Hamburg im Feuersturm (8): Ein Mädchen tanzt in den Flammen

Samstag, 13. Juli 2013

Vor 70 Jahren verwandeln Bombenangriffe Hamburg in eine Flammenhölle, aus der es für Zehntausende kein Entrinnen gibt.

„Zu welchen Mitteln andere auch greifen mögen, die Regierung Seiner Majestät wird niemals absichtlich Frauen und Kinder und andere Zivilisten zum Zwecke des bloßen Terrorismus angreifen“, verspricht Englands Premier Neville Chamberlain am 14. September 1939 vor dem Unterhaus.

Vier Jahre später, so der „Hamburg-Bericht“, stecken Bomber der Royal Air Force auf 56 Hektar im Südwesten der Stadt den größten Scheiterhaufen der Geschichte an: in sechs Stunden rasen zwei Milliarden Tonnen Luft als Feuersturm durch einen 8000 Meter hohen Luftschornstein, der Brand verzehrt die Energie von 100.000 Tonnen Holz.

„Die Schreckensszenen sind unbeschreiblich“, meldet der „Hamburg-Bericht“ aus dieser Nacht zum 28. Juli 1943. „Die Straßen waren mit Hunderten von Leichen bedeckt. Mütter mit ihren Kindern, Männer, Greise, verbrannt, verkohlt, unversehrt und bekleidet, nackend und in wächserner Blässe wie Schaufensterpuppen, lagen sie in jeder Stellung, ruhig und friedlich oder verkrampft, den Todeskampf im letzten Ausdruck des Gesichts.“

Schutzräume werden zur Todesfalle: „Es wird keiner Phantasie jemals gelingen können, die Szenen des Schreckens und des Grauens zu ermessen und zu beschreiben, die sich in zahlreichen verschütteten LS-Räumen abgespielt haben.“ Eine Phosphorbombe macht einen Keller am Grevenweg zur Flammenhölle, Soldaten geben sich den Gnadenschuss. Auf den Trümmern singt ein irrsinnig gewordenes Mädchen tanzend „Heimat deine Sterne“, bis es als Feuersäule verglüht.

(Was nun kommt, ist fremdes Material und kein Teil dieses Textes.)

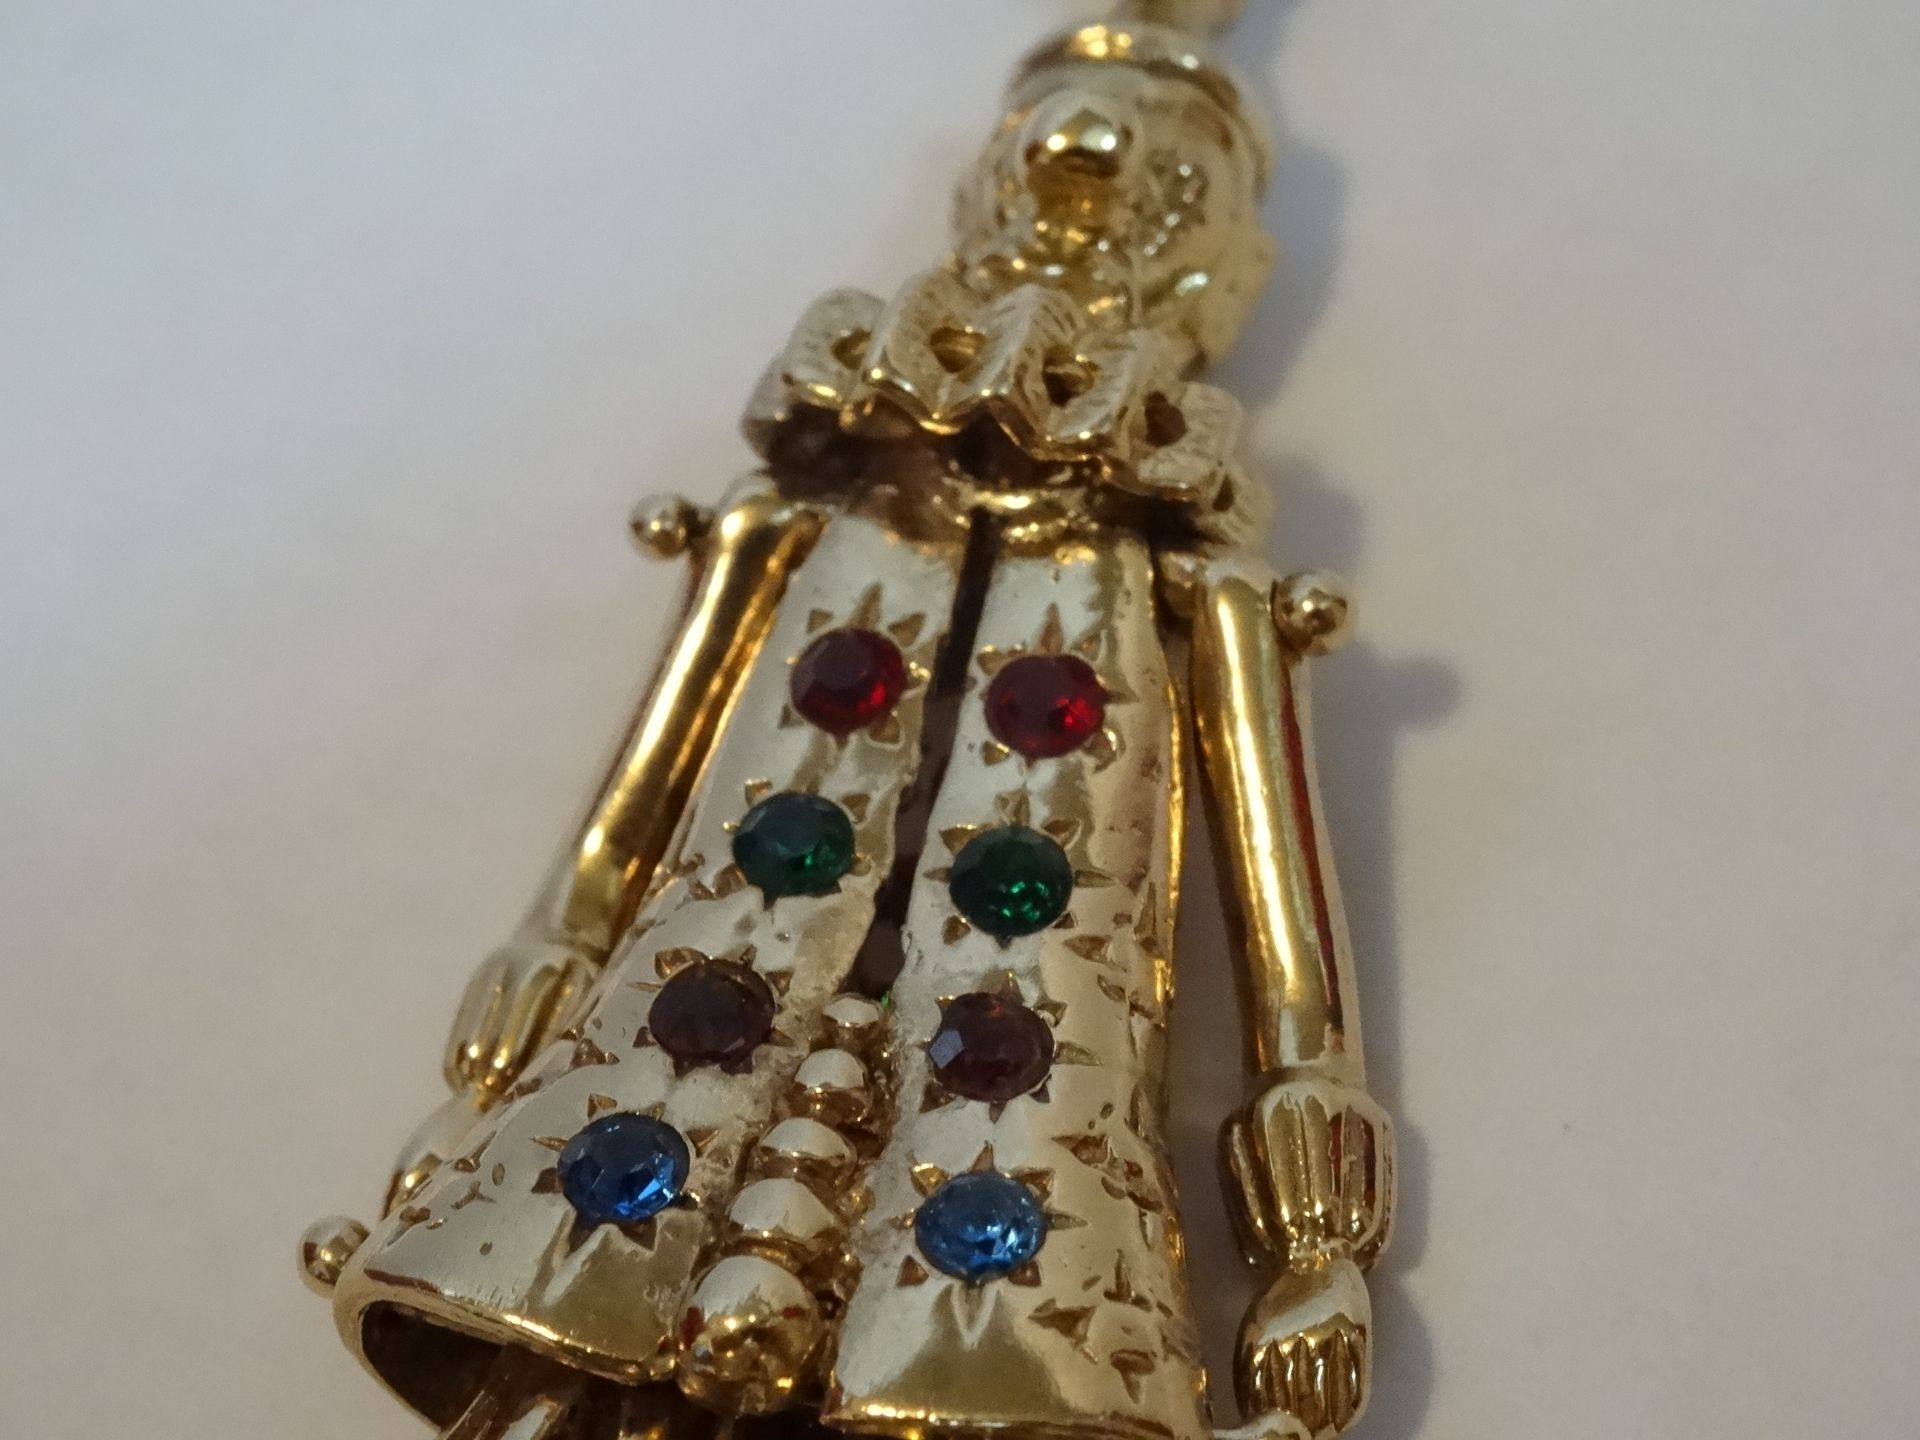 9 Carat Yellow Gold Curb Chain & Moveable Clown Pendant. - Image 4 of 6

Im Zentrum des Feuersturms, im dicht bebauten Hammerbrook zwischen Spaldingstraße, Heidenkampsweg, Grüner Deich und Nagelsweg, leben vor dem Angriff 27 440 Menschen – danach sind es noch 66. Lazarettzüge mit Schwerverletzten rattern Richtung Thüringen. Mit weißem Chlorkalk überstäubte Lastwagen bringen Zehntausende Opfer zum Massengrab auf dem Ohlsdorfer Friedhof. Ostarbeiter und KZ-Häftlinge haben die Leichen aus den Ruinen geborgen. Sie werden die grausige Arbeit noch viele Monate tun. Der Hammerbrook wird Sperrgebiet, eine hohe Mauer trennt die Todeszone vom Rest der Stadt.

Der Terror geht weiter: In der Nacht zum Freitag, 30. Juli verwandeln 726 RAF-Maschinen Barmbek, Uhlenhorst und Winterhude in ein Flammenmeer. Um Barmbeker Markt und Hamburger Straße sinken sechs Quadratkilometer dicht besiedeltes Gebiet in Asche, Gebäudefronten brennen auf 167 Kilometern Länge. Nur weil inzwischen über eine Million Menschen aus Hamburg geflohen sind, bleibt die Zahl der Opfer mit etwa 1000 weit hinter den früheren Verlusten zurück. Das alte Barmbek aber ist ausradiert, 27 495 Häuser sind zerstört.

Beim letzten Großangriff der „Operation Gomorrha“ in der Nacht zum Dienstag, 3.August stören Gewitterstürme den Pulk aus 740 Bombern, und eine dichte Wolkendecke über Hamburg nimmt den Piloten die Sicht. Die Bomben fallen weit zerstreut, ein neuer Feuersturm bleibt aus. Es ist, als habe der Himmel endlich Mitleid mit der so schrecklich getroffenen Stadt.